Resulta extraño impregnarse de tanto aburrimiento y sentirse como
hipnotizado por tanto voceo, gestos, ademanes, risas y
exclamaciones sin sentido.
Comen despacio probablemente por culpa de la dentadura, pero no
dejan de hablar.
Su parloteo más que un murmullo vago es como un trueno algo
apagado que no finalizase nunca.
Y el aburrimiento del niño aumenta.
Insensiblemente los ojos del pequeño, lejos de reflejar cansancio y
sueño, se llenan de furia. Minuciosamente van analizando cada
detalle de las viejas: esas partículas de espuma que se acumulan en
las comisuras de sus labios, ese gesto de una de ellas cuando
pronuncia la palabra "indecencia", esas manos disecadas con venas
prominentes y tendones azulados, cuyos meñiques se disparan al
sostener tazas, vasos y cubiertos. Luego están esas sonrisas falsas
cuando se alaban mutuamente y esos horribles ceños cuando
censuran algo.
El desastre se avecina pero es inútil advertirles "cuidadito, la
paciencia del niño está llegando a sus límites". La mayoría de la gente
no cree en los límites y menos en los de la paciencia de un niño.

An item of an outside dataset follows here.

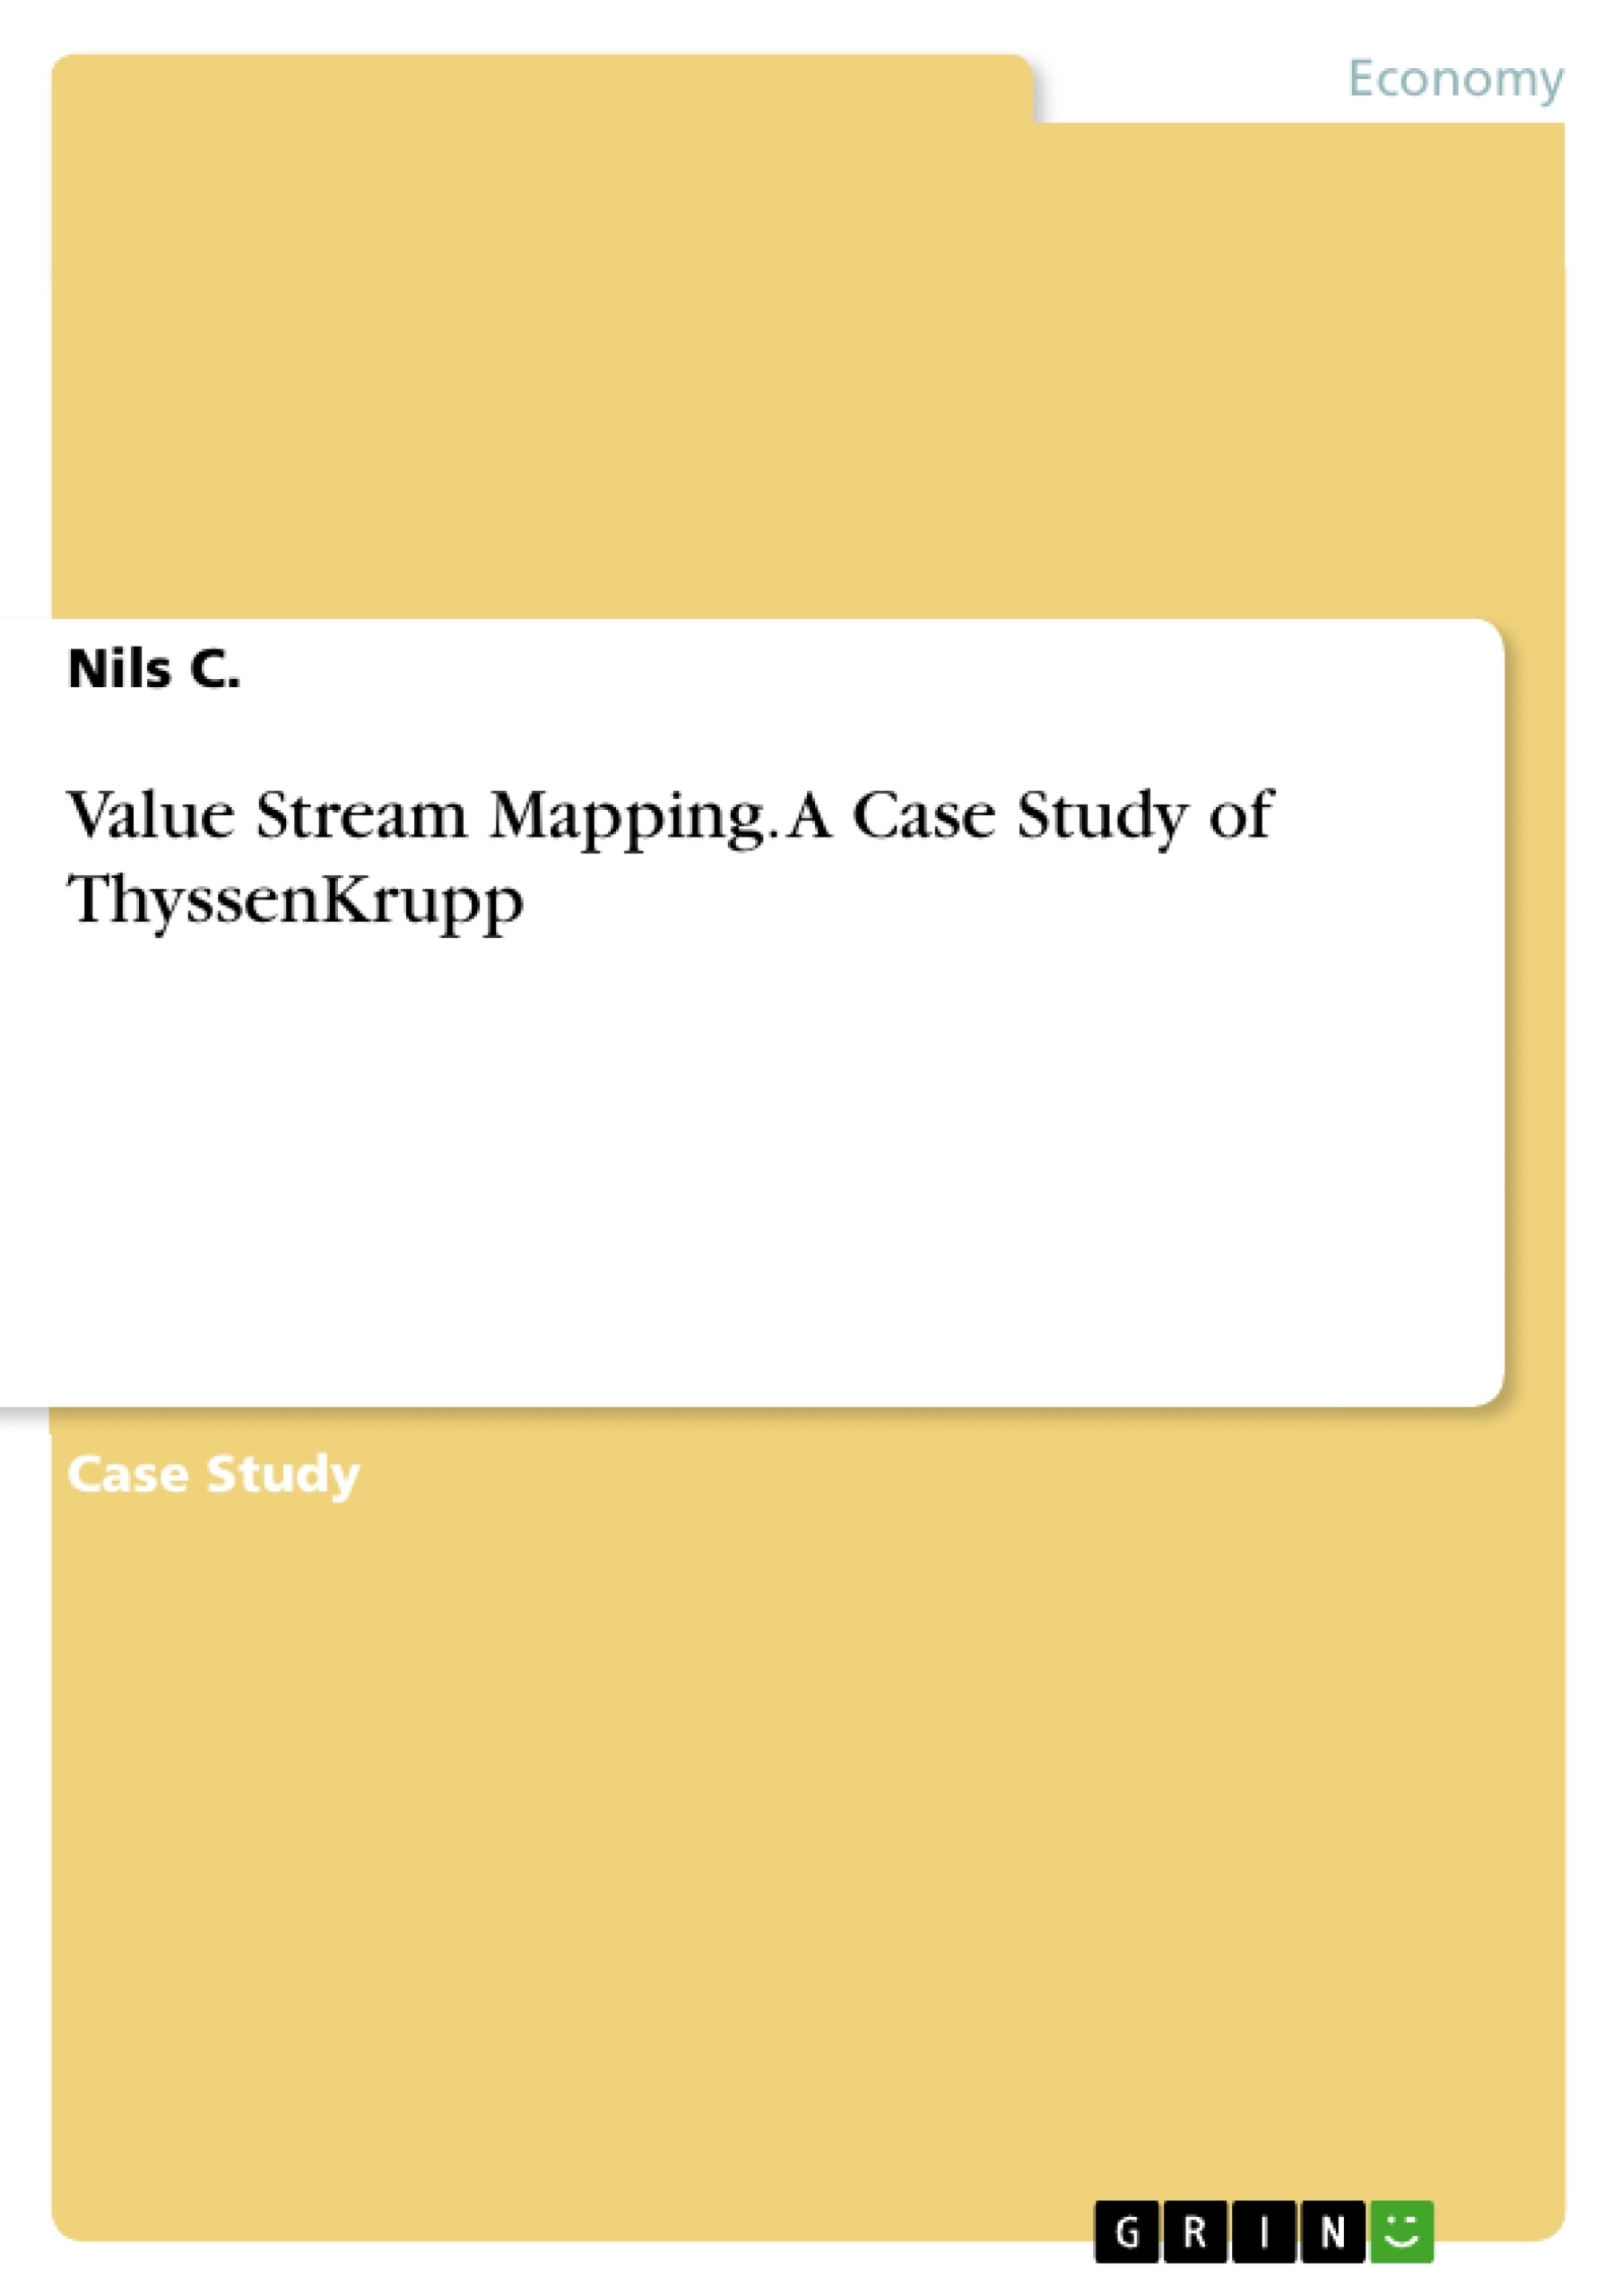 Title: Value Stream Mapping. A Case Study of ThyssenKrupp

Además los niños no tienen derecho a ser impacientes ni a protestar.
Los niños tienen obligación de resignarse a su aburrimiento. Para algo
son niños, para algo tienen una vida por delante llena de promesas y
de esperanzas lúdicas.
De pronto las mujeres se vuelven todavía más charlatanas,
ninguna escucha a la otra. En realidad hablan porque necesitan
escucharse a sí mismas. Por eso la euforia aumenta y las
conversaciones dejan de tener ya coherencia: cada una de las viejas
se centra ahora en "sus problemas, teorías y gustos".
Luego rompen a reír sus propias ocurrencias sin saber lo que sus
risas y sus comentarios dañan la estabilidad del niño. Por eso poco a
poco el pequeño, lejos de seguir siendo niño se está convirtiendo en
un viejo. Un viejo enfurruñado que sin saber por qué coloca sus
manos sobre el mantel como diez percebes crispados.

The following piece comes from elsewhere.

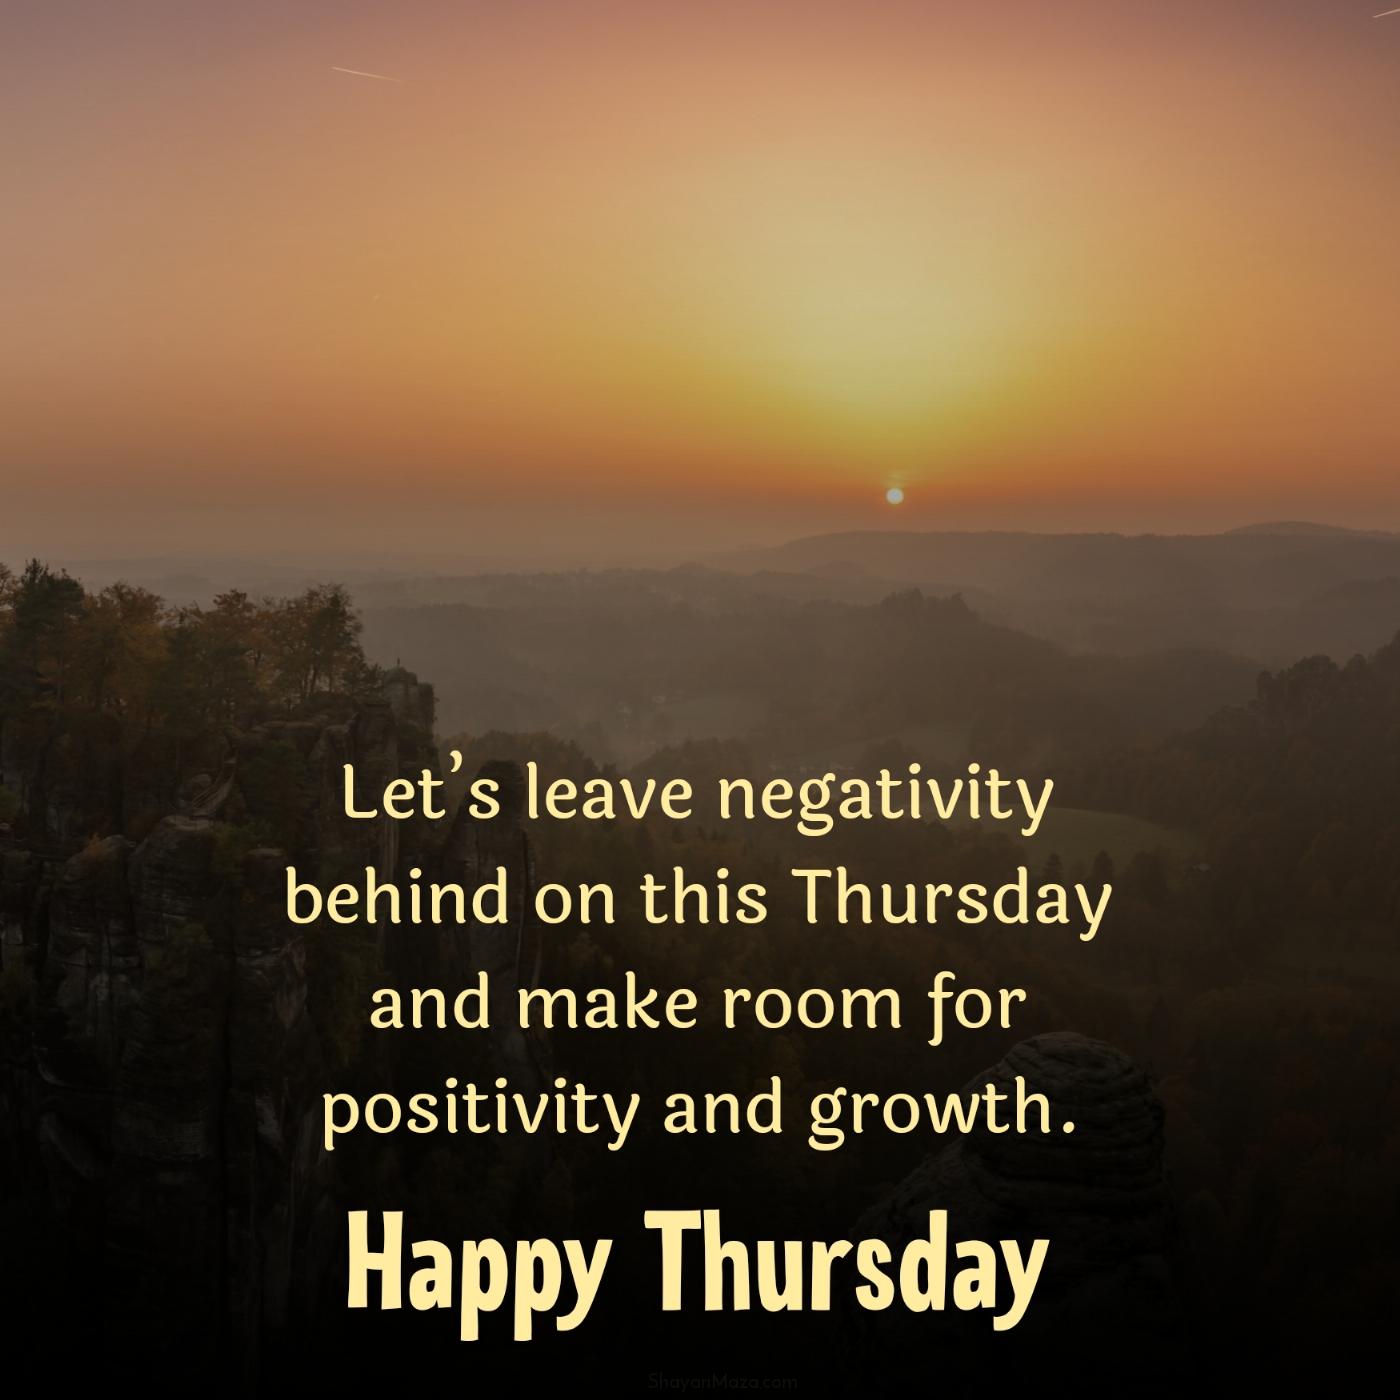 Lets leave negativity behind on this Thursday

Es indudable que a simple vista se trata de unas manos peligrosas.
Pero ninguna de las mujeres percibe el peligro que se avecina, ni
puede imaginar que el desastre está ya rozando la mesa.
Y el silencio no llega. El silencio es algo legendario en total
desacuerdo con el aburrimiento.
Por eso el desastre es ya algo inevitable. No obstante ninguna de
las mujeres que rodean al pequeño lo puede detectar. Ninguna
comprende hasta qué punto esos diez percebes, que parecen manos
crispadas sobre el mantel, pueden ser tan peligrosas.
Hasta que el desastre oculto en las manos del niño ocurre.
De momento es sólo un estruendo, luego surge la indignación, la
desorientación y la ira. Ninguna de las mujeres llega a entender por
qué ha ocurrido esa inevitable catástrofe sin que pudieran detectarla.
El hecho es que la mesa ha quedado desnuda.
Junto a ellos todo es estupor, incomprensión y extrañeza. Las
viejas se han puesto repentinamente en pie.
Ahí en el pavimento se amontona un revoltijo de platos hechos
añicos, de comidas entremezcladas, de cristales hirientes y sangre de
vinos desparramados.
Las viejas zarandean al niño, le gritan, lo increpan y lo insultan,
pero el niño con aire triunfante ondea el mantel como si enarbolara
una bandera.
No importa que le vaticinen castigos imperdonables, que lo
amenacen con las peores represalias y que rápidamente lo agarren
de la mano y lo lleven Dios sabe dónde.
A pesar de todo, el causante del estropicio ya no es un viejo.
Mientras camina, va sonriendo como sonríen los niños.